Unnamed: 0,user_id,utm_source,day,ad_click_timestamp,experimental_group,is_click
1,009abb94-5e14-4b6c-bb1c-4f4df7aa7557,facebook,7 - Sunday,,B,False
3,011adc64-0f44-4fd9-a0bb-f1506d2ad439,google,2 - Tuesday,,B,False
4,012137e6-7ae7-4649-af68-205b4702169c,facebook,7 - Sunday,,B,False
9,01a210c3-fde0-4e6f-8efd-4f0e38730ae6,email,2 - Tuesday,15:21,B,True
10,01adb2e7-f711-4ae4-a7c6-29f48457eea1,google,3 - Wednesday,,B,False


In [75]:
#For each group (a_clicks and b_clicks), calculate the percent of users who clicked on the ad by day.
a_clicks_percent = a_clicks.groupby(['day', 'is_click']).user_id.count().reset_index()

# Create a pivot table to represent the data better
a_clicks_percent_pivot = a_clicks_percent.pivot(
    columns='is_click',
    index='day',
    values='user_id'
).reset_index()

# Create a new column to calculate the percentage of users who clicked on the ads
# based on the day of the week
a_clicks_percent_pivot['percent_clicked'] = a_clicks_percent_pivot[True] / \
    (a_clicks_percent_pivot[True] + a_clicks_percent_pivot[False])

# And check the results
a_clicks_percent_pivot

is_click,day,False,True,percent_clicked
0,1 - Monday,70,43,0.380531
1,2 - Tuesday,76,43,0.361345
2,3 - Wednesday,86,38,0.306452
3,4 - Thursday,69,47,0.405172
4,5 - Friday,77,51,0.398438
5,6 - Saturday,73,45,0.381356
6,7 - Sunday,66,43,0.394495


In [76]:
# And repeat the analysis for ad B
b_clicks_percent = b_clicks.groupby(['day', 'is_click']).user_id.count().reset_index()

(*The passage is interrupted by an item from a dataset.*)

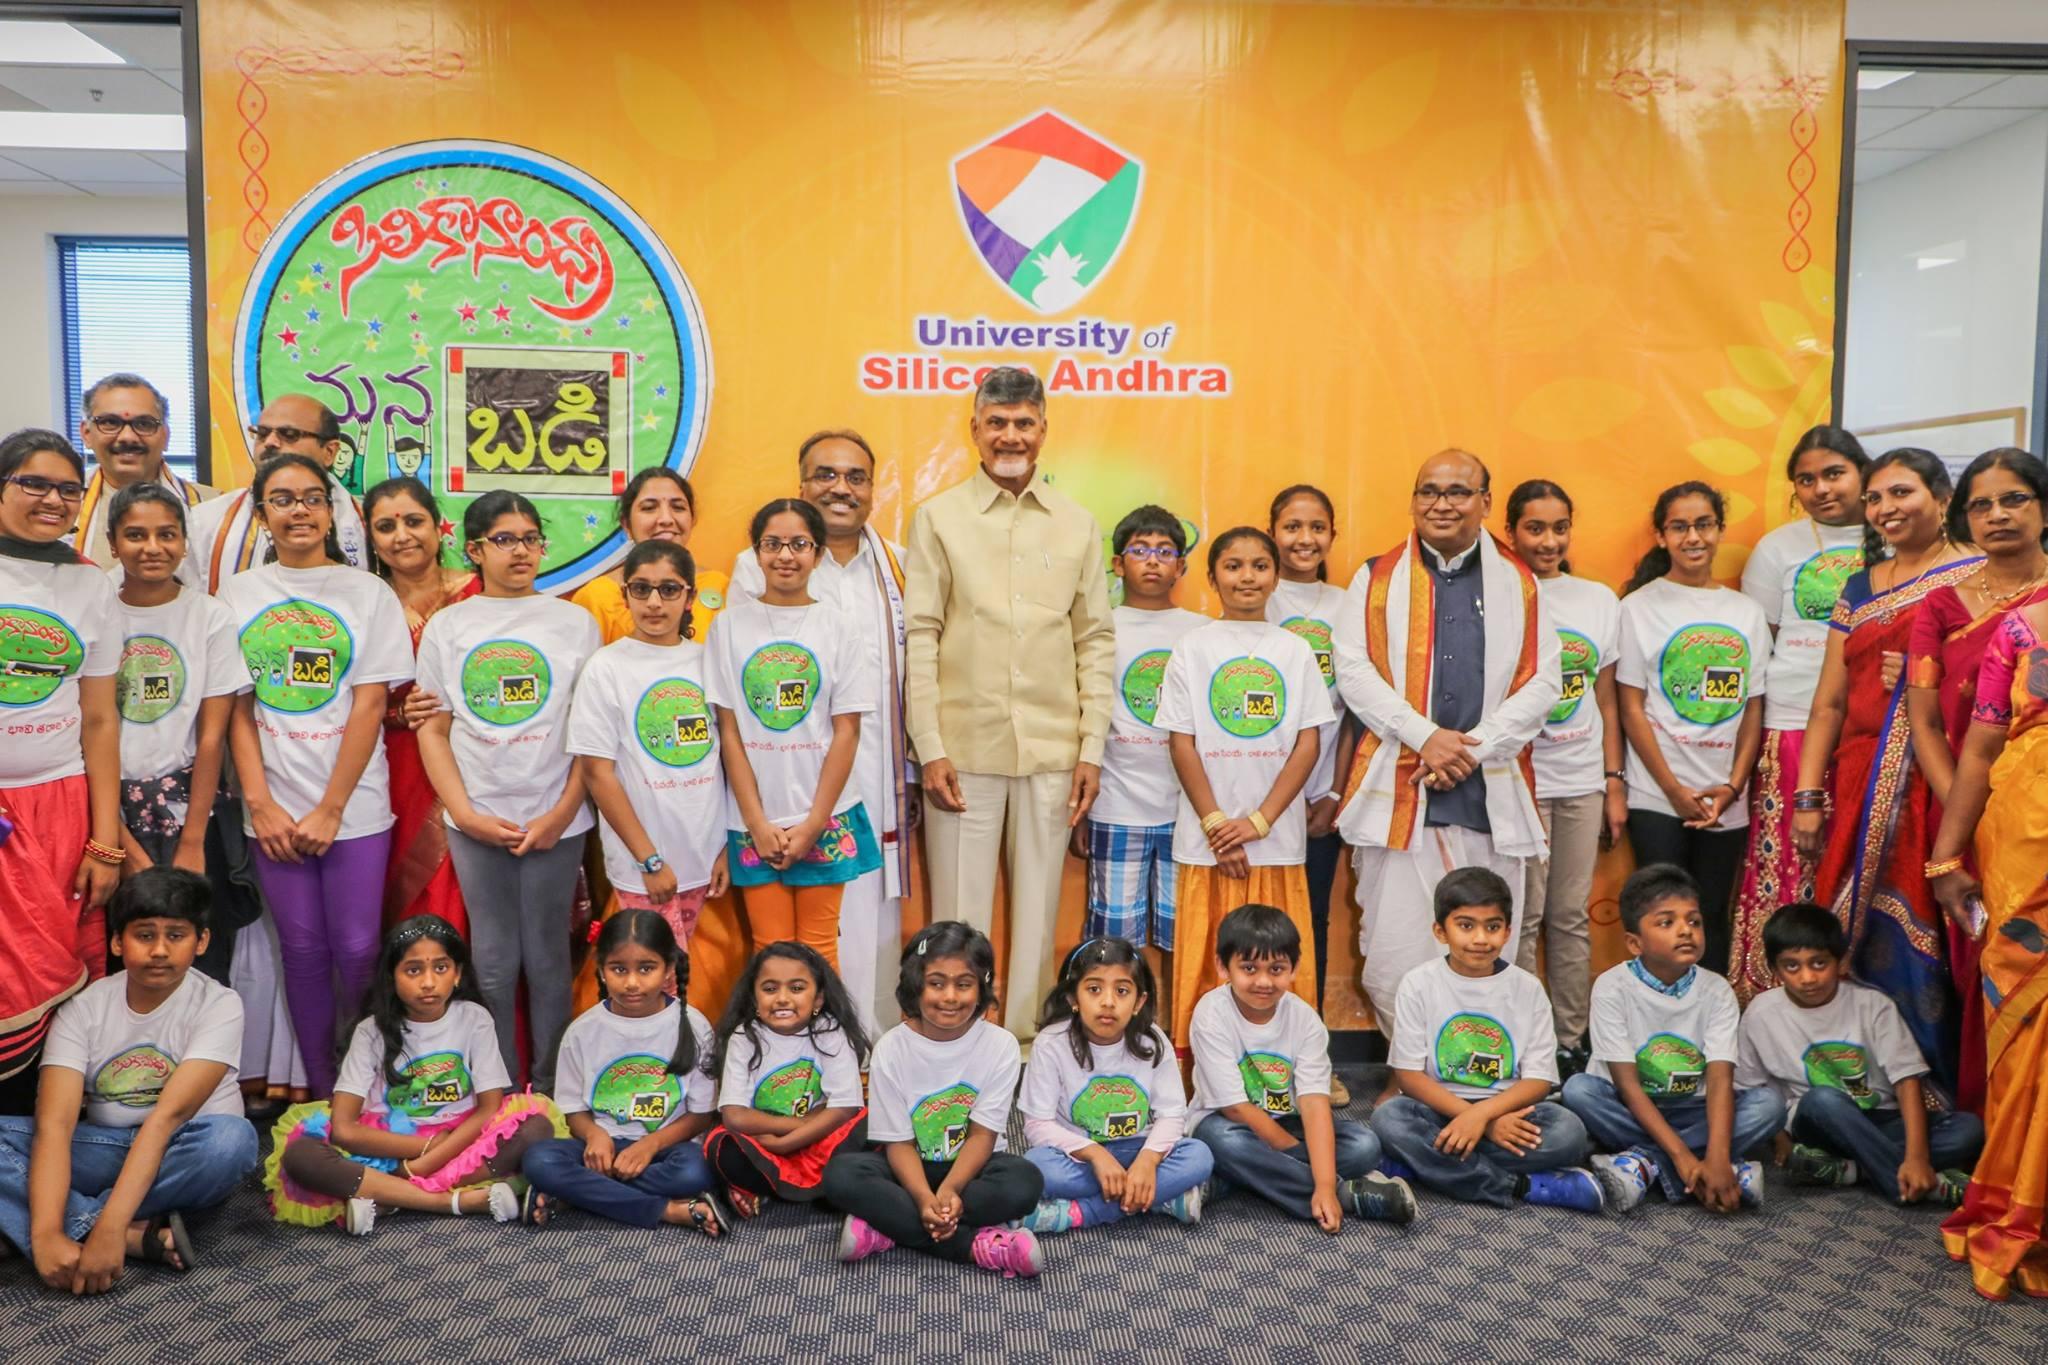 Andhra Pradesh chief minister N Chandrababu Naidu at Silicon Andhra University in Milpitas, California meeting people from Telugu community.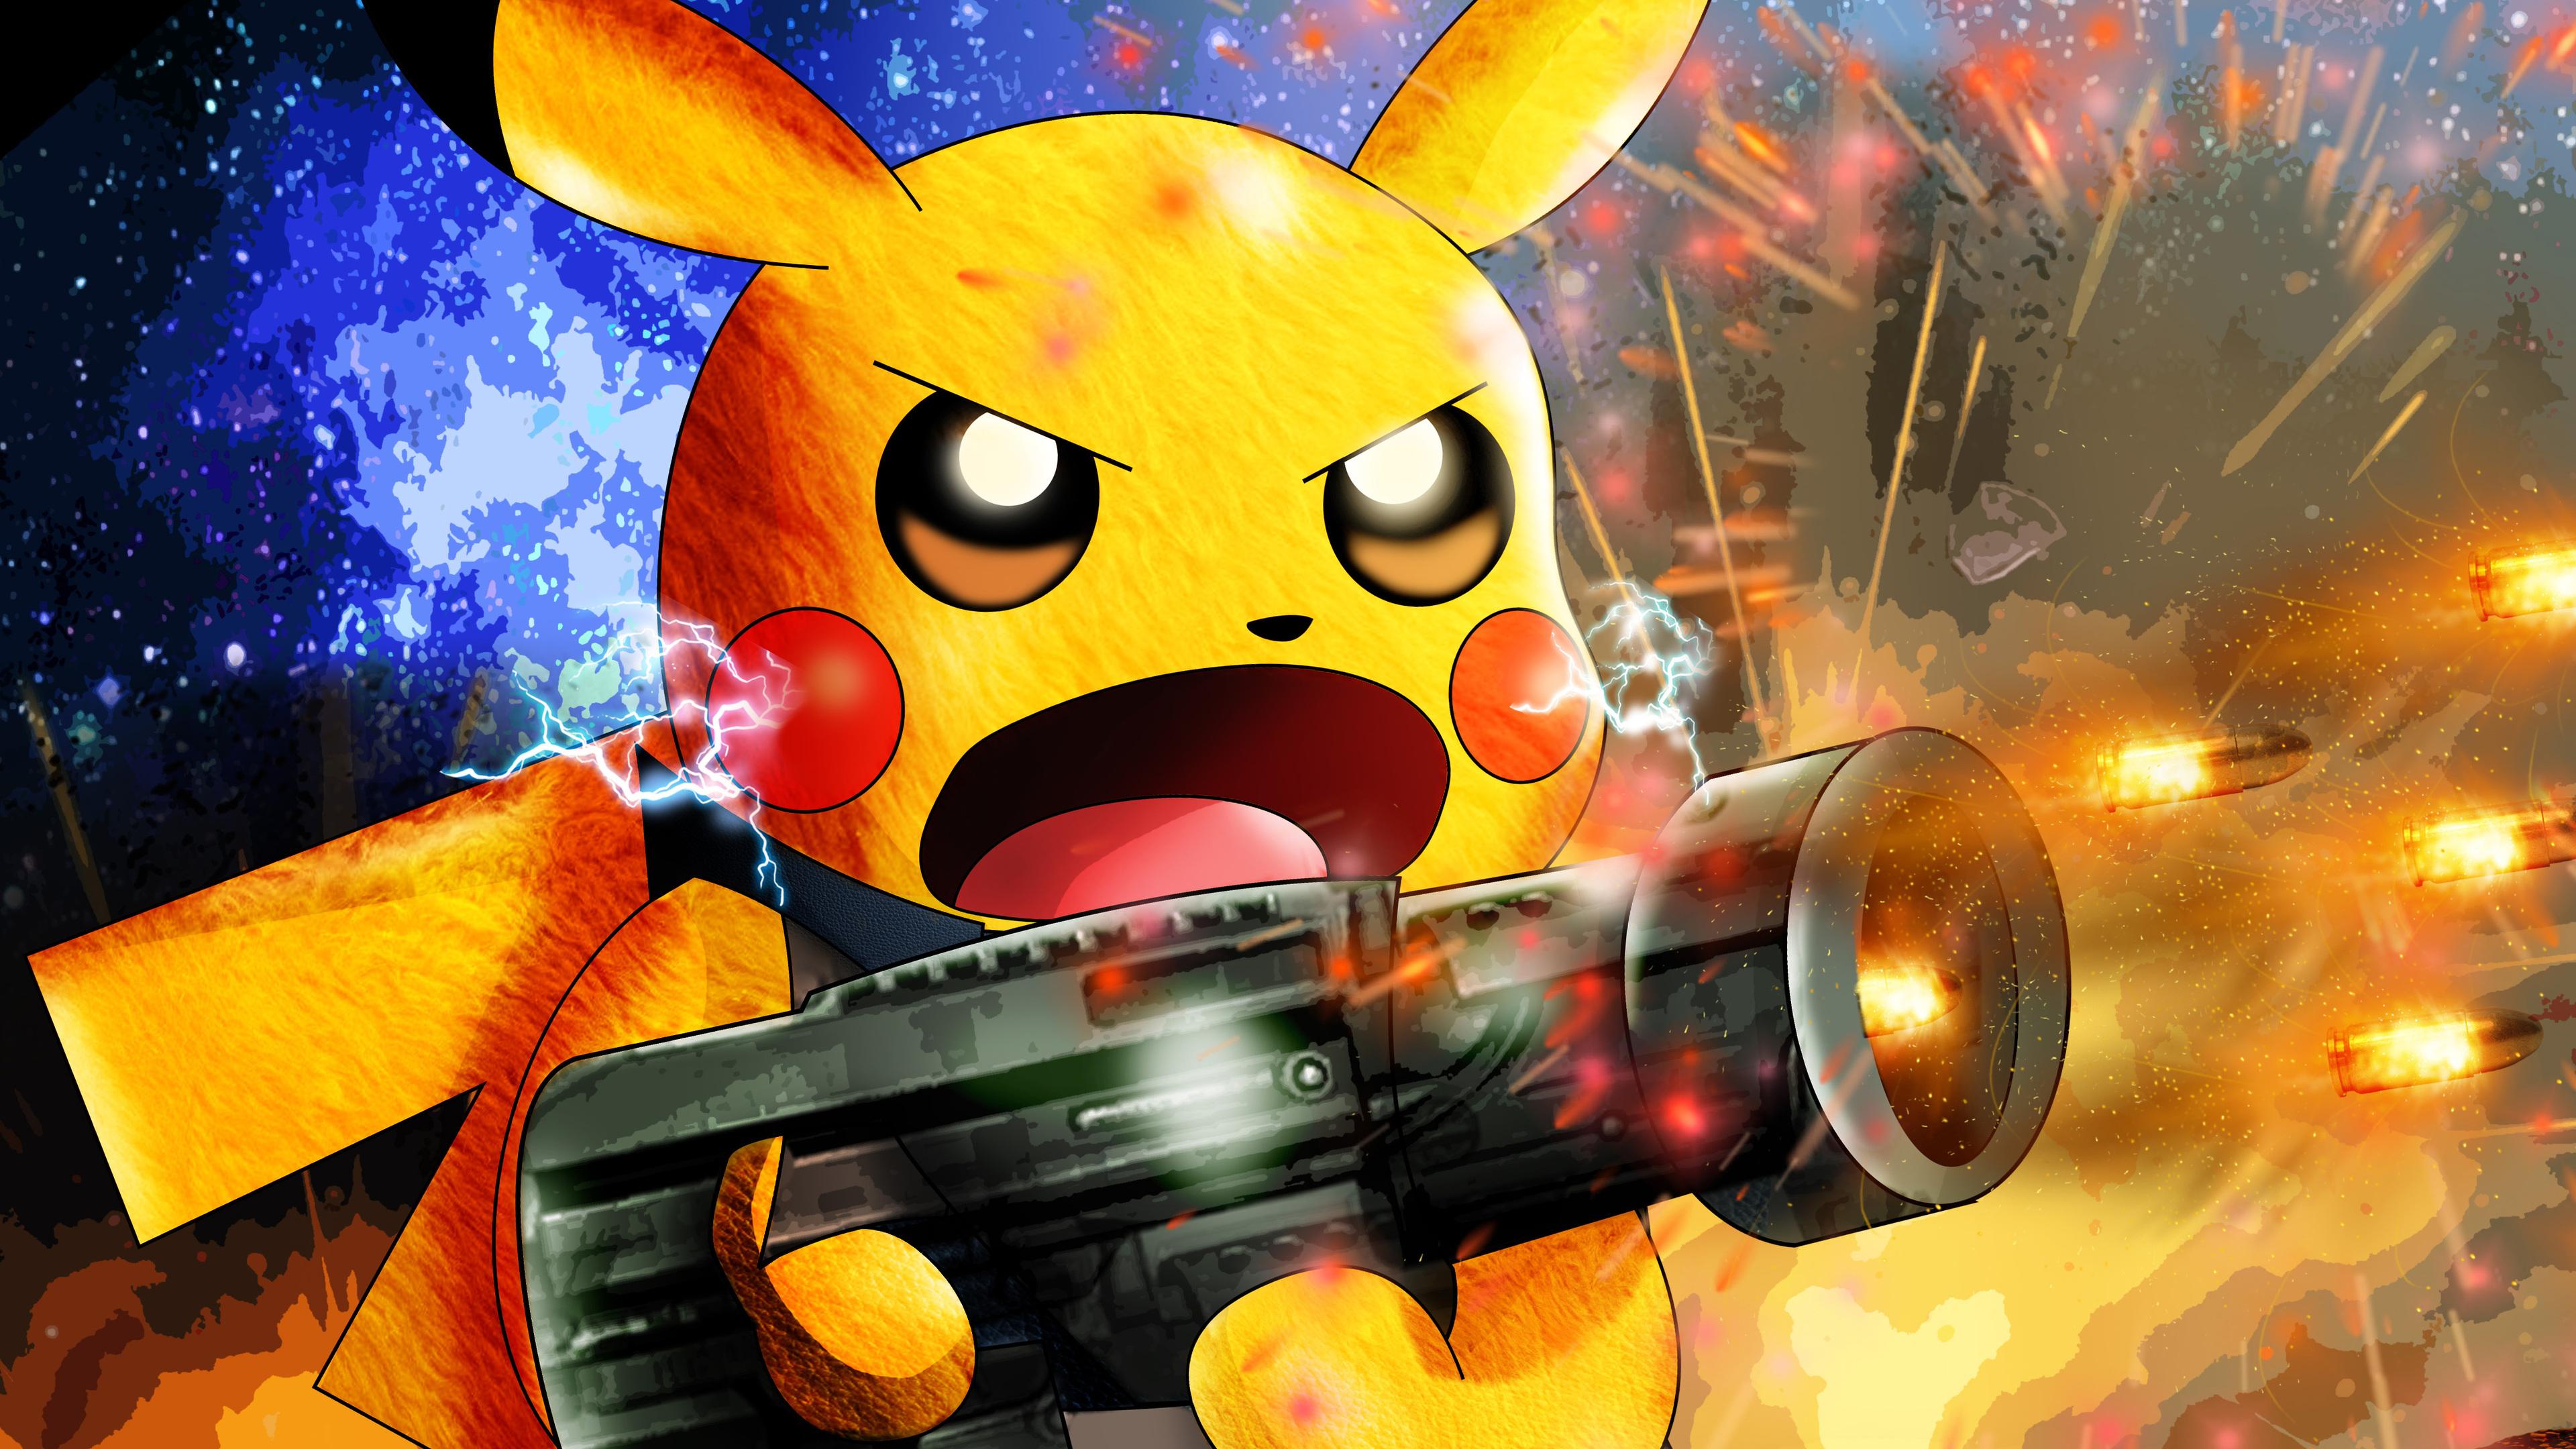 Pikachu As Rocket Raccoon 4k pokemon wallpapers, pikachu wallpapers, hd-wallpapers, digital art ...

# Create a pivot table to represent the data better
b_clicks_percent_pivot = b_clicks_percent.pivot(
    columns='is_click',
    index='day',
    values='user_id'
).reset_index()

# Create a new column to calculate the percentage of users who clicked on the ads
# based on the day of the week
b_clicks_percent_pivot['percent_clicked'] = b_clicks_percent_pivot[True] / \
    (b_clicks_percent_pivot[True] + b_clicks_percent_pivot[False])

# And check the results
b_clicks_percent_pivot

is_click,day,False,True,percent_clicked
0,1 - Monday,81,32,0.283186
1,2 - Tuesday,74,45,0.378151
2,3 - Wednesday,89,35,0.282258
3,4 - Thursday,87,29,0.25
4,5 - Friday,90,38,0.296875
5,6 - Saturday,76,42,0.355932
6,7 - Sunday,75,34,0.311927


<u>Comparing the results by day of the week and type of A<u>

Based on the click rate of both ads, the company should use `Ad A` because the percentage of user clicks was rather higher when users were shown `Ad A`.
For example, from **Thursday** to **Sunday** users clicked over **38%** of the time. Indeed, **Thursdays** saw a click rate of approximately **40.5%**, which is significantly higher than the same day with `Ad B`.